(Beginning of DATASET EXCERPT)

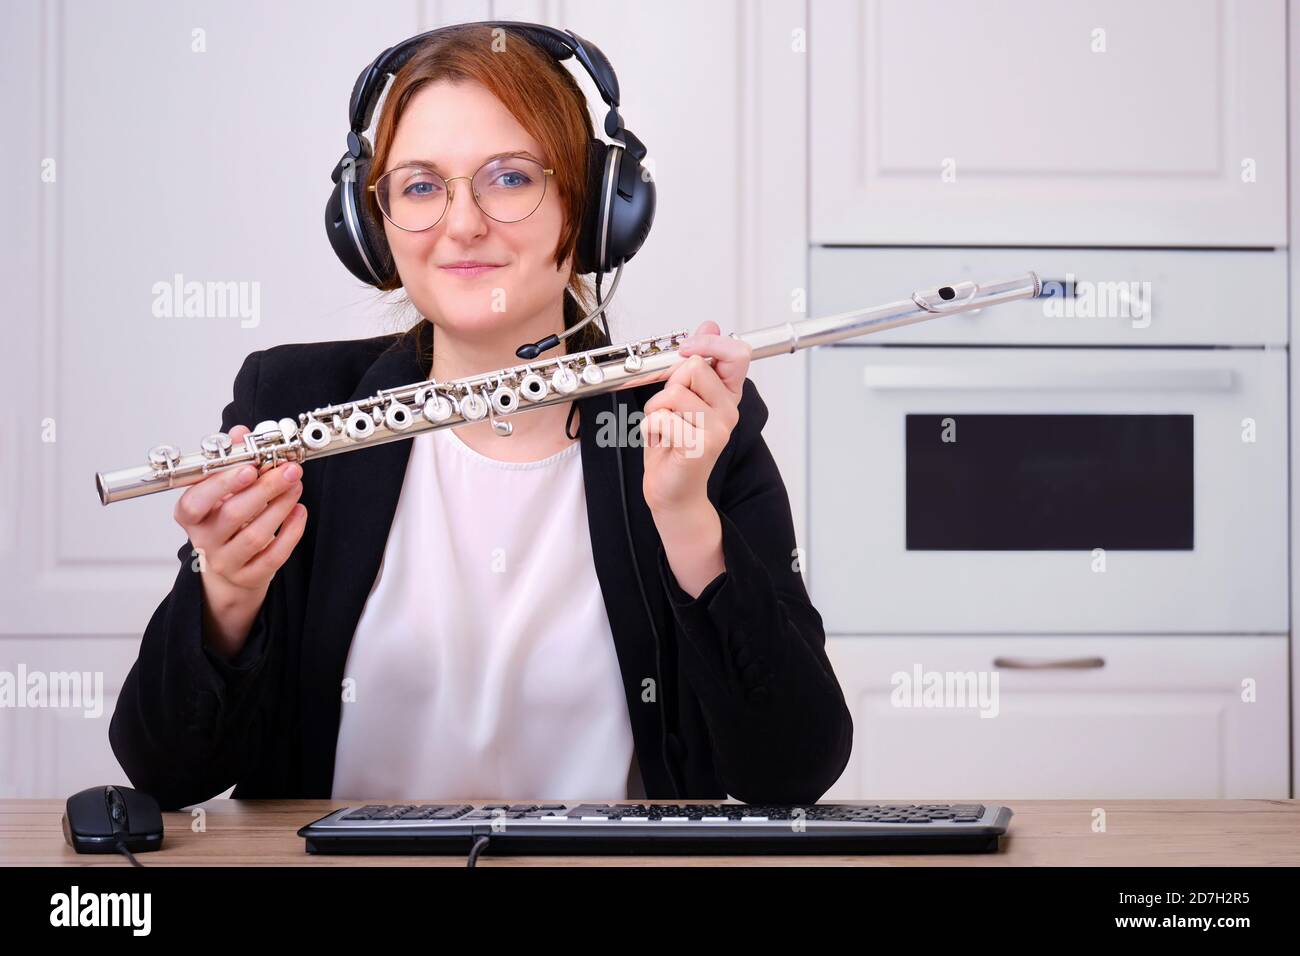 Un profesor de música proporciona formación en línea para tocar la flauta.  Una flautista femenina enseña una lección de flauta a través de Internet,  vista de cámara. Concepto en línea Fotografía de
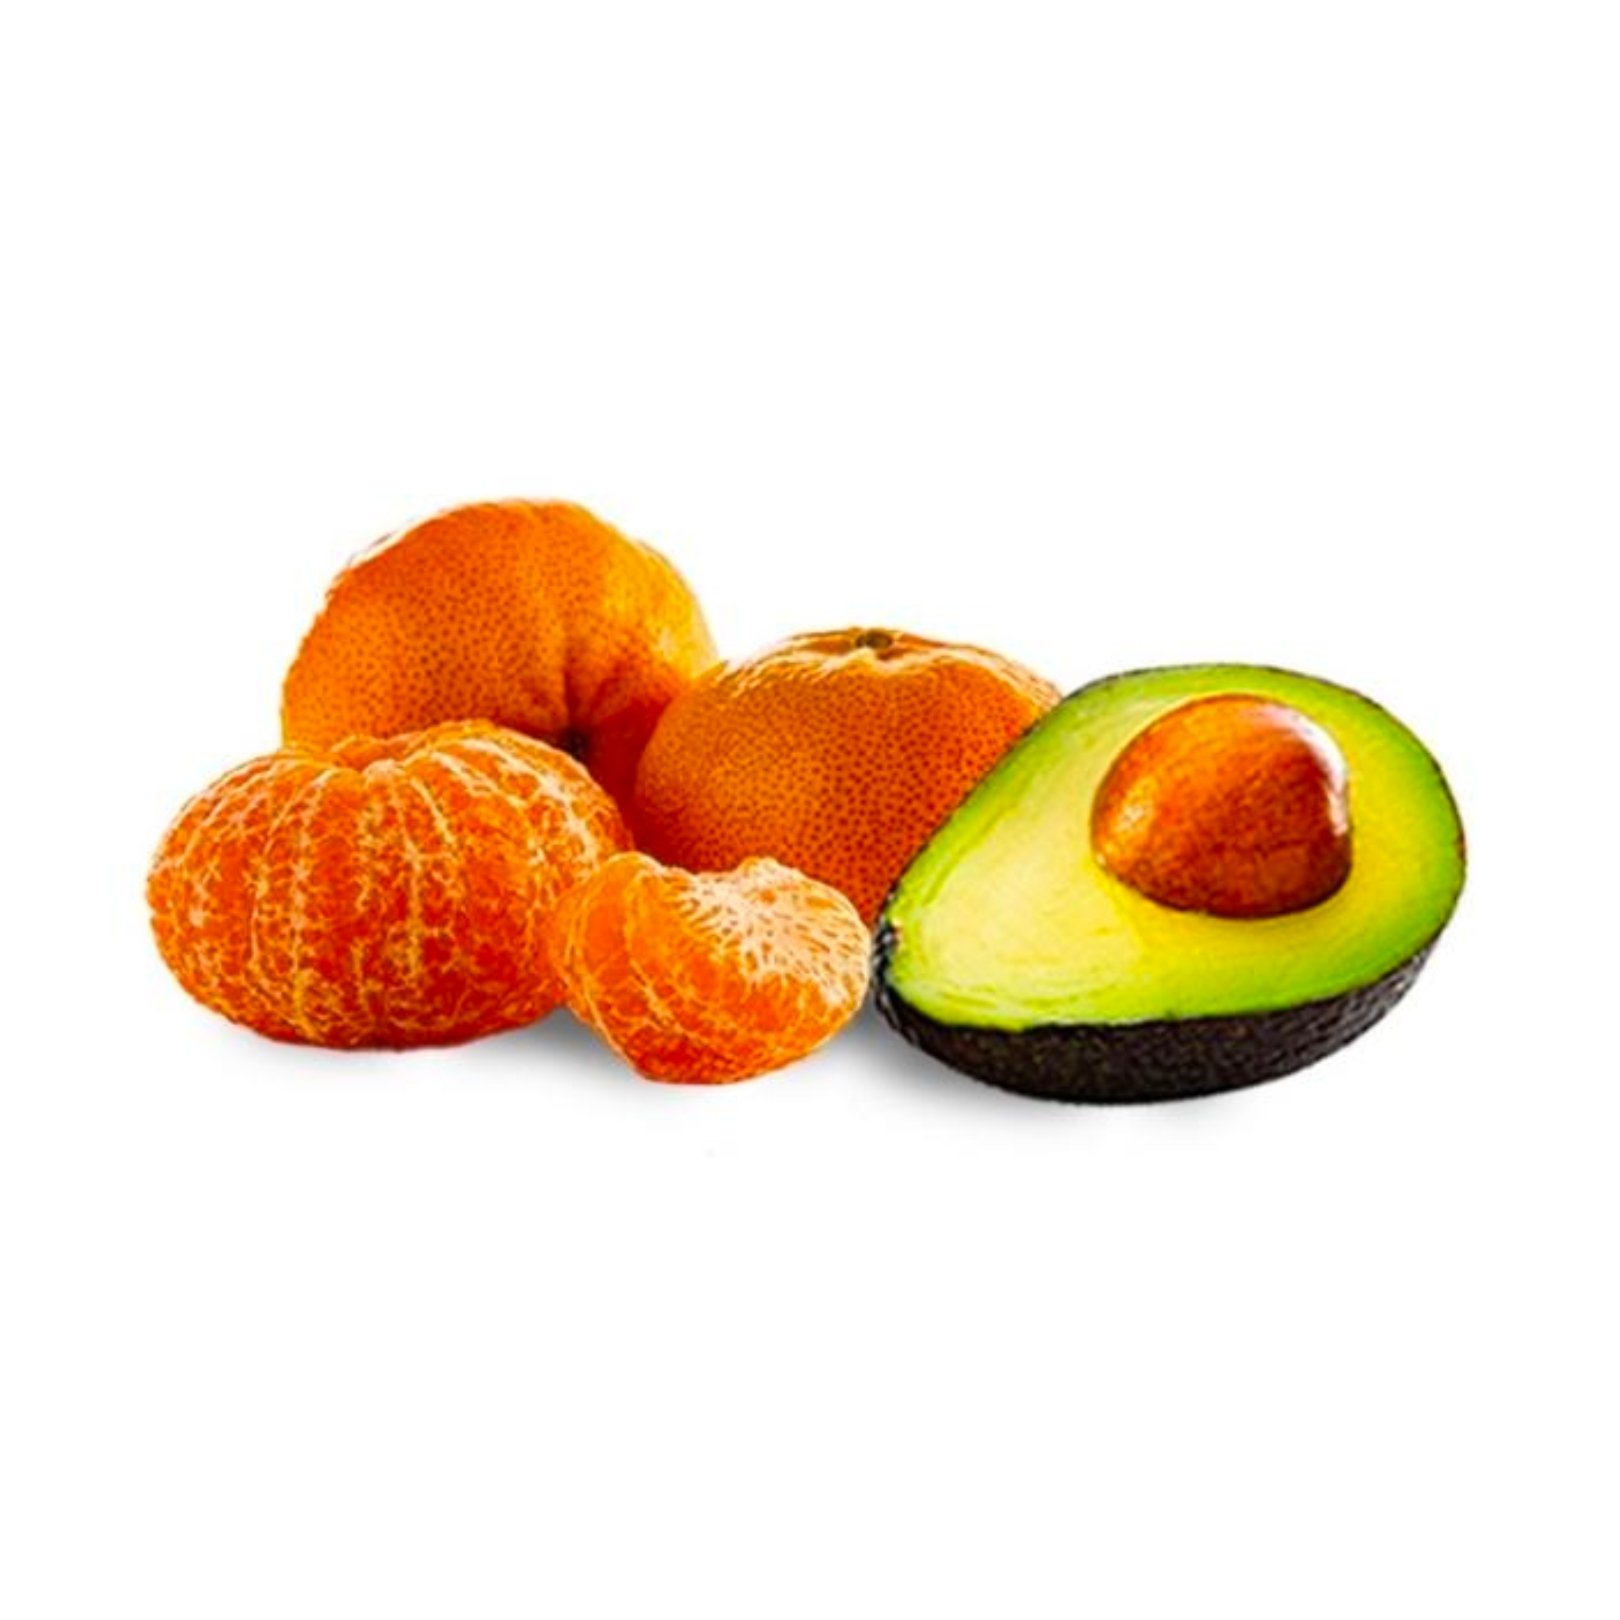 Buy Mandarin Avocado Online NZ
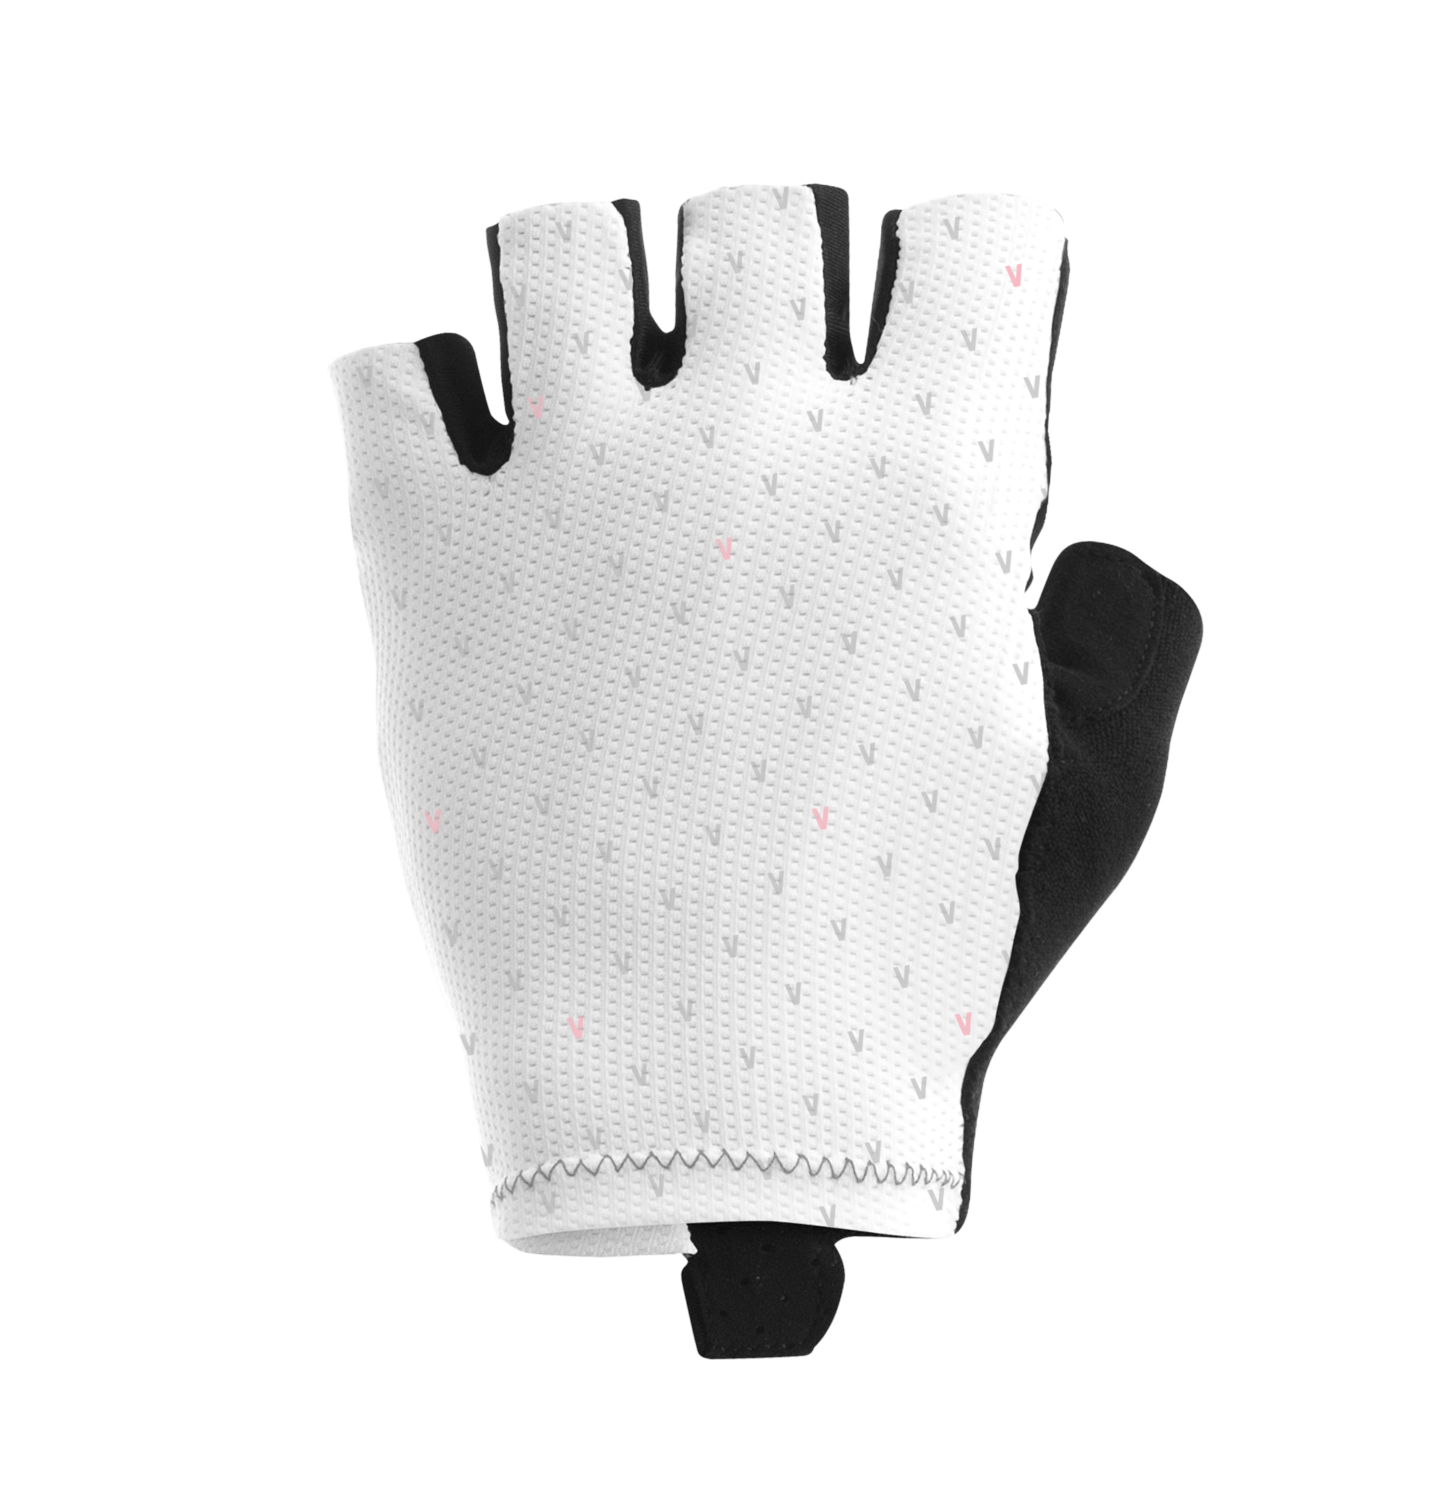 Multi Gloves White

(End of DATASET EXCERPT)

> [GOAL OF THE EXERCISE]:
The full listing must come back exactly as written, with its pictures left out.

> [THE ANSWER]:
 Un profesor de música proporciona formación en línea para tocar la flauta.  Una flautista femenina enseña una lección de flauta a través de Internet,  vista de cámara. Concepto en línea Fotografía de
 Buy Mandarin Avocado Online NZ
 Multi Gloves White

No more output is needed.